--- Problem statement ---
From the entries below, please gather each line containing the string "Bedroom".

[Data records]
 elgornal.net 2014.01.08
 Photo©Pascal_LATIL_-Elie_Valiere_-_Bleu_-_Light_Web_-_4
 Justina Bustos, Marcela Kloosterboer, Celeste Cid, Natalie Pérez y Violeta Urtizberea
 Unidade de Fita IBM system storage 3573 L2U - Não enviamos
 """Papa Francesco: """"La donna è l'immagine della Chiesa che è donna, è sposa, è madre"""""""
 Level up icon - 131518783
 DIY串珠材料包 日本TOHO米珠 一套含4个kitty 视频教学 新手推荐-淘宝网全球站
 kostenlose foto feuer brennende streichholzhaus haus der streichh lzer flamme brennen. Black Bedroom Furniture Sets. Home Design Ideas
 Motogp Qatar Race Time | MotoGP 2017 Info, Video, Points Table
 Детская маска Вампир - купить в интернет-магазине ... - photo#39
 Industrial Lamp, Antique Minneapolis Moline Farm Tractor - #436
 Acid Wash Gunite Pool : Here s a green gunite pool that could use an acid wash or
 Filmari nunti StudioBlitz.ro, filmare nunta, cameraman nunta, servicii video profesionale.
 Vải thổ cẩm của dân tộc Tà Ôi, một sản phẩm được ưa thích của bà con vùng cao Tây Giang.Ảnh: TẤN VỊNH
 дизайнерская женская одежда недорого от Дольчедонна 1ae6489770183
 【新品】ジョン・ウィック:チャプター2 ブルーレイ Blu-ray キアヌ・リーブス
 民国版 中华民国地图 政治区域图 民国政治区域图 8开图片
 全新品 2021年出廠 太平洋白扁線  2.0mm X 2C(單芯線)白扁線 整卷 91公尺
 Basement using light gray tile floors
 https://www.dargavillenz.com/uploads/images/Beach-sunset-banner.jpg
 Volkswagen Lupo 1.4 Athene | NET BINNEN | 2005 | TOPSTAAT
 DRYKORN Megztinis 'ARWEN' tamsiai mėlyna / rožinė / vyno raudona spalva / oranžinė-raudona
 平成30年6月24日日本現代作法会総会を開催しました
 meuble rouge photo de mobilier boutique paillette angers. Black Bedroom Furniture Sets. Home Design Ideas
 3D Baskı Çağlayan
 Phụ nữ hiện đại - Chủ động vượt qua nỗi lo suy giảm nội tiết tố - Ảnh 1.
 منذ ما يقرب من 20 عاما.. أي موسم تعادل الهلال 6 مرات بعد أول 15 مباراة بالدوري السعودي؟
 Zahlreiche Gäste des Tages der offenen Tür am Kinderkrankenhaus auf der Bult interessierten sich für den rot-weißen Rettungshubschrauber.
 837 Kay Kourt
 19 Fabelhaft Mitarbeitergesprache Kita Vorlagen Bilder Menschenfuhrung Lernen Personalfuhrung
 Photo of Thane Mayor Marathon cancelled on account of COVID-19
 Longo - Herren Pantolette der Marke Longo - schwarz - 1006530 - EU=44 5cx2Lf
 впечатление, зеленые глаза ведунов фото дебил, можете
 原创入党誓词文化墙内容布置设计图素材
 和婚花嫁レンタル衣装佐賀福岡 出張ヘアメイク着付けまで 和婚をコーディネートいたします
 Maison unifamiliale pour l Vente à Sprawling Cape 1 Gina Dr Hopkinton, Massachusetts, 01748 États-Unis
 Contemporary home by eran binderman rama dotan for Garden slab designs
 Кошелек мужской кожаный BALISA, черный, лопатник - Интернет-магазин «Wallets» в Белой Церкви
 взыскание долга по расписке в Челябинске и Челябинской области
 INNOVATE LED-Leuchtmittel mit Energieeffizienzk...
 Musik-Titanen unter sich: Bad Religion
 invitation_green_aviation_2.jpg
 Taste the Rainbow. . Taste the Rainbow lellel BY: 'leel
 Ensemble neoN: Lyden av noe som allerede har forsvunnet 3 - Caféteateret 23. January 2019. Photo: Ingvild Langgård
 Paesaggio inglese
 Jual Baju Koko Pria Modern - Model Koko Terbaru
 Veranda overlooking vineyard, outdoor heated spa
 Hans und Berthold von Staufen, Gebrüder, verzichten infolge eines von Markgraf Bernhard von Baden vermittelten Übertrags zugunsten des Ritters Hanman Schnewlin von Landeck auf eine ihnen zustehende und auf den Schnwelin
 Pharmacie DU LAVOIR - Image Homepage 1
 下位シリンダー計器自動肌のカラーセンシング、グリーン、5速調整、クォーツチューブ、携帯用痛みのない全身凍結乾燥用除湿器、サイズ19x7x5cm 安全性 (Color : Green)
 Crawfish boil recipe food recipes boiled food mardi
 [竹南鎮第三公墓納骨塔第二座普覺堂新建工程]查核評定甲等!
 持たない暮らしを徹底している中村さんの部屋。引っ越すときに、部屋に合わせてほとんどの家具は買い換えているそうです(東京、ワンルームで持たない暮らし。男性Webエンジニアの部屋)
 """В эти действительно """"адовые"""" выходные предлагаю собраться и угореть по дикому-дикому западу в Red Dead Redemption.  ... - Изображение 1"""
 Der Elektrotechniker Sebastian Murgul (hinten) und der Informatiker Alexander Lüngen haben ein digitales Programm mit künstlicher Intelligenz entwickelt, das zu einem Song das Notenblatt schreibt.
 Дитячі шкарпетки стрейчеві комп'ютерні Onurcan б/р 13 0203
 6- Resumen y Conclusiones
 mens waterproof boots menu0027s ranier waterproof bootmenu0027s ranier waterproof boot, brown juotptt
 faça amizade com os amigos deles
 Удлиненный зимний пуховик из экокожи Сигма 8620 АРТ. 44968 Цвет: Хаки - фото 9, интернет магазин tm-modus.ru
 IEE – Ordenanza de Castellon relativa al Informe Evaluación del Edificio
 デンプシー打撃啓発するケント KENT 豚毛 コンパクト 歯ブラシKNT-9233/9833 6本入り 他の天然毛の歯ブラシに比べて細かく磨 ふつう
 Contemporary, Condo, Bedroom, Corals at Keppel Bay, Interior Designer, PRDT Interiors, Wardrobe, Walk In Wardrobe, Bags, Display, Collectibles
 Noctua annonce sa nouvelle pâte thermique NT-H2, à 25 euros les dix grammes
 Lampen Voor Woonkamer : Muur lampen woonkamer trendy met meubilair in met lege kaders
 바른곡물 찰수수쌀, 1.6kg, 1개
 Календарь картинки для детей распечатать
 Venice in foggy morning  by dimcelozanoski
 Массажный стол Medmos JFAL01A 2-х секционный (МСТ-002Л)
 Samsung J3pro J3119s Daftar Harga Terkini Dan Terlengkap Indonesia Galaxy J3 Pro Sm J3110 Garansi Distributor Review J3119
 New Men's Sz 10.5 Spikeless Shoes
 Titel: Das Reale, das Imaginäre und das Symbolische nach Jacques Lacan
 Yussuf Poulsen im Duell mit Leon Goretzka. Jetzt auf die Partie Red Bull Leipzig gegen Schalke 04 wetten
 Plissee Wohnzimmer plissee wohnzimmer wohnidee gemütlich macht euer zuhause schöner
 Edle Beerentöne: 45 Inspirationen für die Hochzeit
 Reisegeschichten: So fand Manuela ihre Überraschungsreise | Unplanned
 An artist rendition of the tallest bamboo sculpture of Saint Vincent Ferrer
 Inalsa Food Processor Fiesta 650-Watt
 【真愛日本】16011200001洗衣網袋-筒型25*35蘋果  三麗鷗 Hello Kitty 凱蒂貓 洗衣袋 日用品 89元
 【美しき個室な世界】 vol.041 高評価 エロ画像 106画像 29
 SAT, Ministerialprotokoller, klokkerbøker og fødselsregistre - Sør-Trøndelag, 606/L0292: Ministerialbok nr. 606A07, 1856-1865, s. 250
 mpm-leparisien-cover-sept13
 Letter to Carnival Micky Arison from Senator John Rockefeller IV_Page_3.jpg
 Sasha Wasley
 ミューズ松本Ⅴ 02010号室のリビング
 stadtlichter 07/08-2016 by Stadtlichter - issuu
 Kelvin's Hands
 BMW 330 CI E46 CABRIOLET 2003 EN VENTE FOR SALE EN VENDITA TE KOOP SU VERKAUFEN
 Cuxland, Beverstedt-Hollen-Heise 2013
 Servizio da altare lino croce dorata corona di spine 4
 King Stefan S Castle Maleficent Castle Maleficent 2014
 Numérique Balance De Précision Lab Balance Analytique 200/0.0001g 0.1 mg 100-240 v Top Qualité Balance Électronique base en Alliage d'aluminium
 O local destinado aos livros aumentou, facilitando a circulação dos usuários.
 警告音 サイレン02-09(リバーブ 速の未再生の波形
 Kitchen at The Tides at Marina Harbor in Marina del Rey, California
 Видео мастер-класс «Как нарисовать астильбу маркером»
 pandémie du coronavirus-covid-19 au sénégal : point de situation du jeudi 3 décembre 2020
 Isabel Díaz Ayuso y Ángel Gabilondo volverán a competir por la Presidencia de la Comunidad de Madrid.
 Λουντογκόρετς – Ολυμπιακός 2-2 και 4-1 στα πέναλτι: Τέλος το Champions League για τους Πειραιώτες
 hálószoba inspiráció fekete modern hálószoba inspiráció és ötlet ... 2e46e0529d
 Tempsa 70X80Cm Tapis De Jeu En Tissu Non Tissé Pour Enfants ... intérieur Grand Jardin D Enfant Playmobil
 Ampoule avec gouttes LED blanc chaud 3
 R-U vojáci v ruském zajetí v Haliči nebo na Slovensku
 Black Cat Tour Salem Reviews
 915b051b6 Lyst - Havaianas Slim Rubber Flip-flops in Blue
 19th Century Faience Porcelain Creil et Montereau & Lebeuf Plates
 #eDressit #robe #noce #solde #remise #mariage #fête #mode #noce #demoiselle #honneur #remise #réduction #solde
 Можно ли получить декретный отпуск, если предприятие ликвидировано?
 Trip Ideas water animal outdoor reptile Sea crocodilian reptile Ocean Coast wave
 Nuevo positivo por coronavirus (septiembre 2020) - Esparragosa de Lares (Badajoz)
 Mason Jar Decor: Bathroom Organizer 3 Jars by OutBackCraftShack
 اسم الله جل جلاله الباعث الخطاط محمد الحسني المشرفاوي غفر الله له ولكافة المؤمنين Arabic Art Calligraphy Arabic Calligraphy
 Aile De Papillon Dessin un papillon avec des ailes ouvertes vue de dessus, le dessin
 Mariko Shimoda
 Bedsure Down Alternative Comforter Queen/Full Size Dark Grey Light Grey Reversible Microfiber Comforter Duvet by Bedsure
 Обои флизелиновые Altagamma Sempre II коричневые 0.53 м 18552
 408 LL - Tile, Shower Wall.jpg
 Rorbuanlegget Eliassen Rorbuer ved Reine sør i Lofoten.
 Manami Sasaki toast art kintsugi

--- Result of this task ---
 kostenlose foto feuer brennende streichholzhaus haus der streichh lzer flamme brennen. Black Bedroom Furniture Sets. Home Design Ideas
 meuble rouge photo de mobilier boutique paillette angers. Black Bedroom Furniture Sets. Home Design Ideas
 Contemporary, Condo, Bedroom, Corals at Keppel Bay, Interior Designer, PRDT Interiors, Wardrobe, Walk In Wardrobe, Bags, Display, Collectibles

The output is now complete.